▶ Exercise directions: All the lines below need to be output exactly, apart from any images.
:: Source material
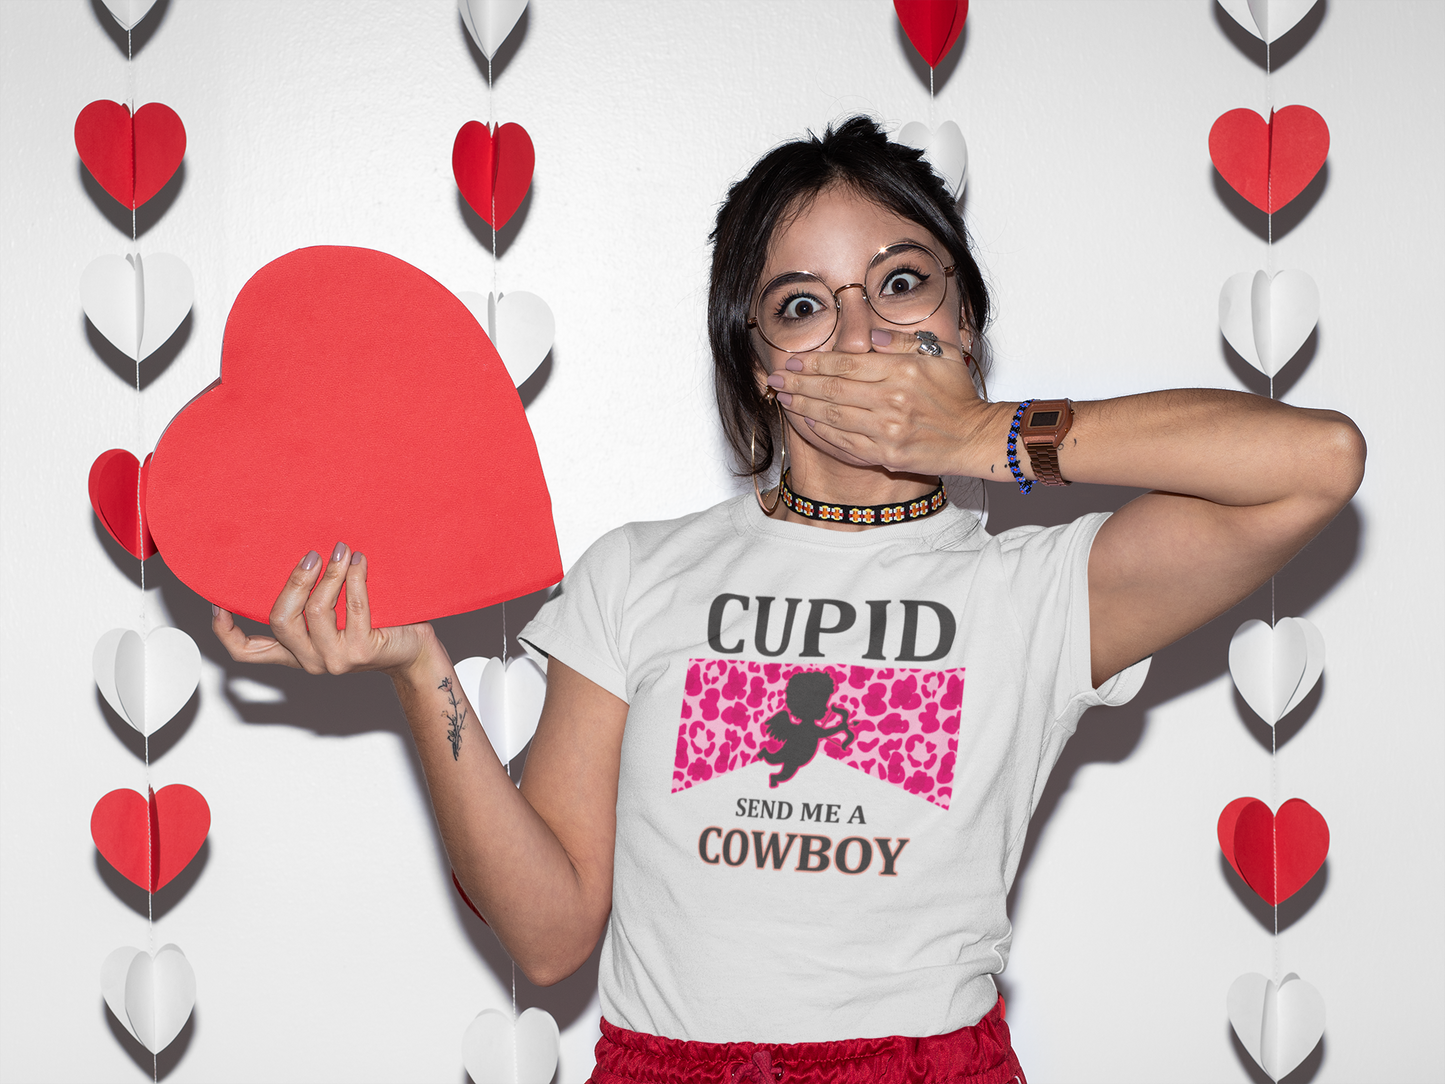 Cupid Send Me a Cowboy - Full Color Heat Transfer
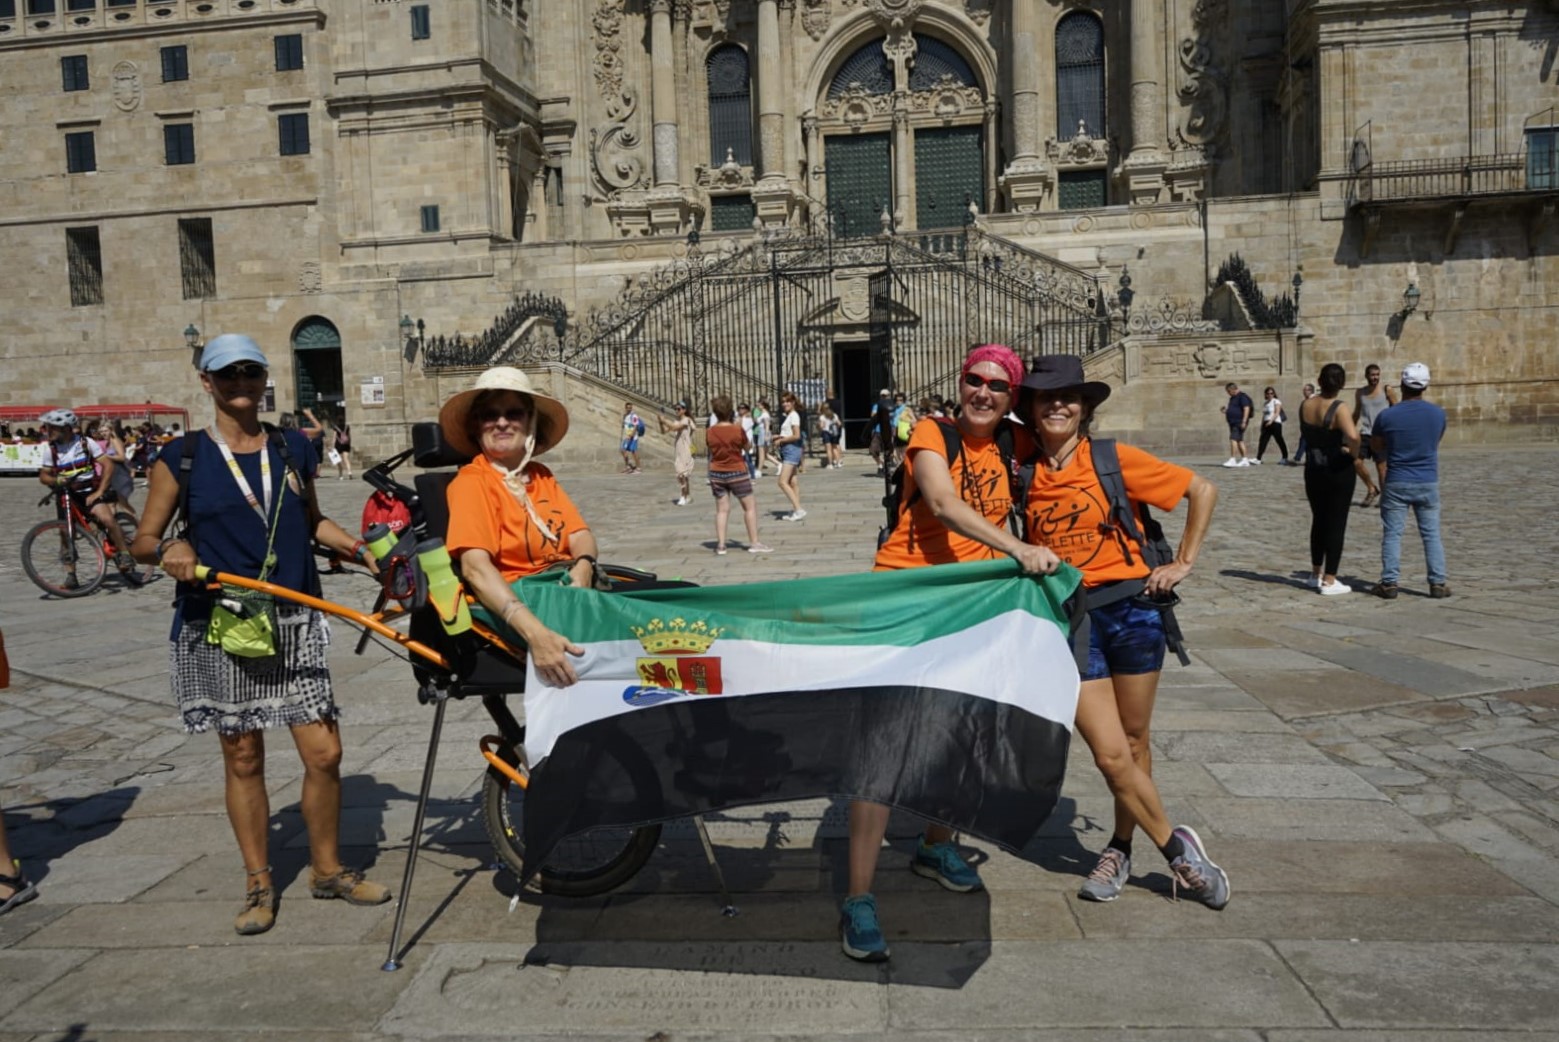 En la imagen se puede ver a Yolanda Álvarez, en la plaza del Obradoiro, frente a la Catedral de Santiago de Compostela. Está montada en una silla Joëlette y posa, exhibiendo la bandera de Extremadura (su tierra), junto a una parte del equipo de pilotos que hicieron posible su Camino de Santiago.
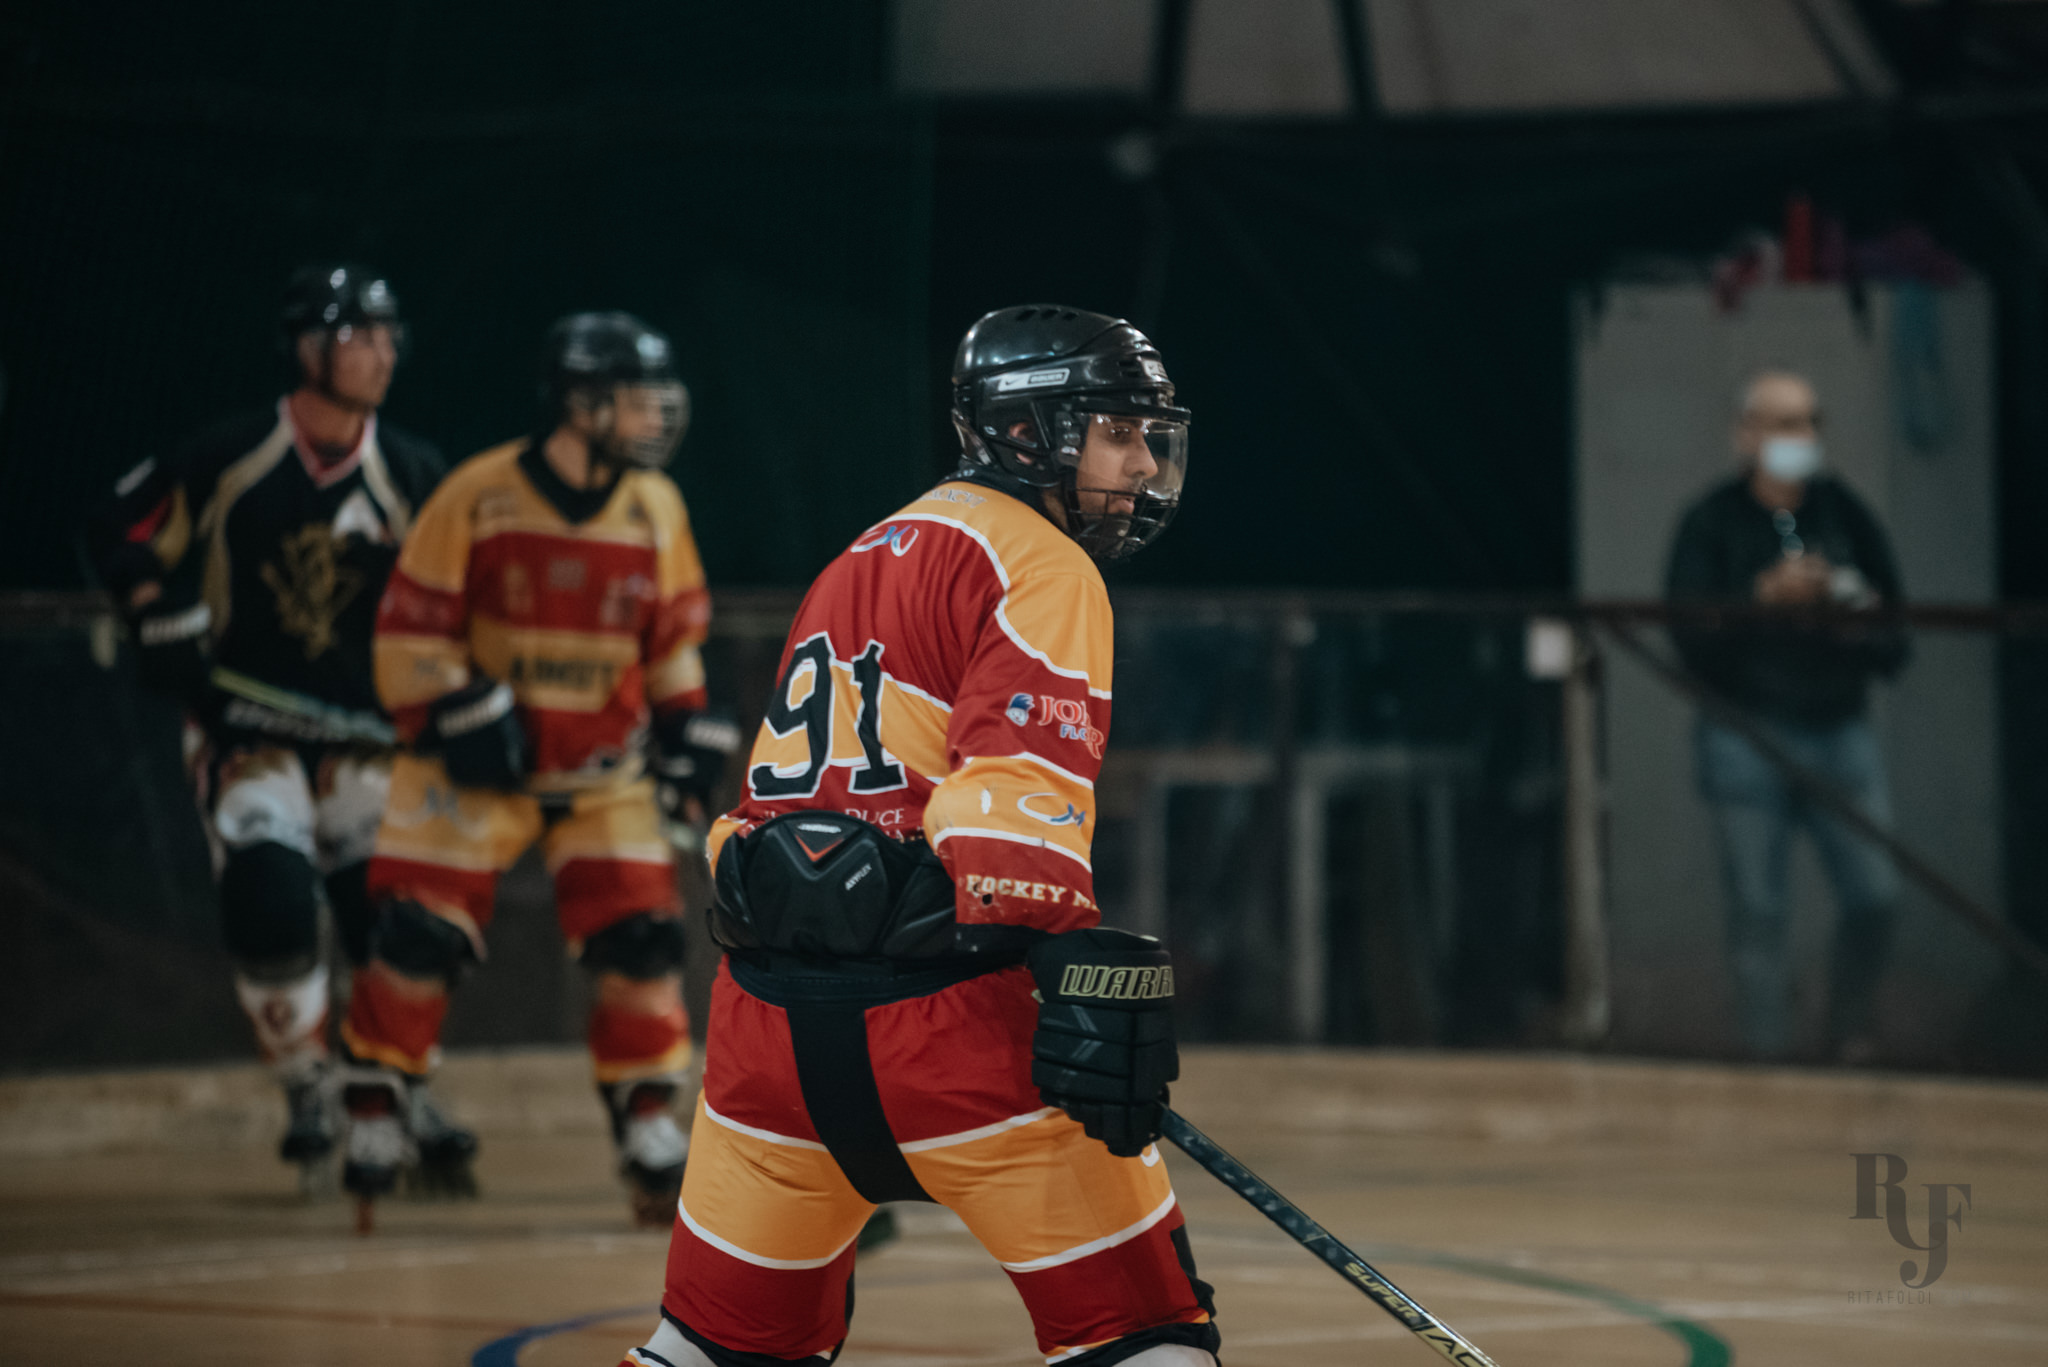 hockey roma, inline hockey roma, rome hockey team, legnaro fox, sports photography rome, pattinaggio a roma
::::
▶ Finished task:
 Cupid Send Me a Cowboy - Full Color Heat Transfer
 En la imagen se puede ver a Yolanda Álvarez, en la plaza del Obradoiro, frente a la Catedral de Santiago de Compostela. Está montada en una silla Joëlette y posa, exhibiendo la bandera de Extremadura (su tierra), junto a una parte del equipo de pilotos que hicieron posible su Camino de Santiago.
 hockey roma, inline hockey roma, rome hockey team, legnaro fox, sports photography rome, pattinaggio a roma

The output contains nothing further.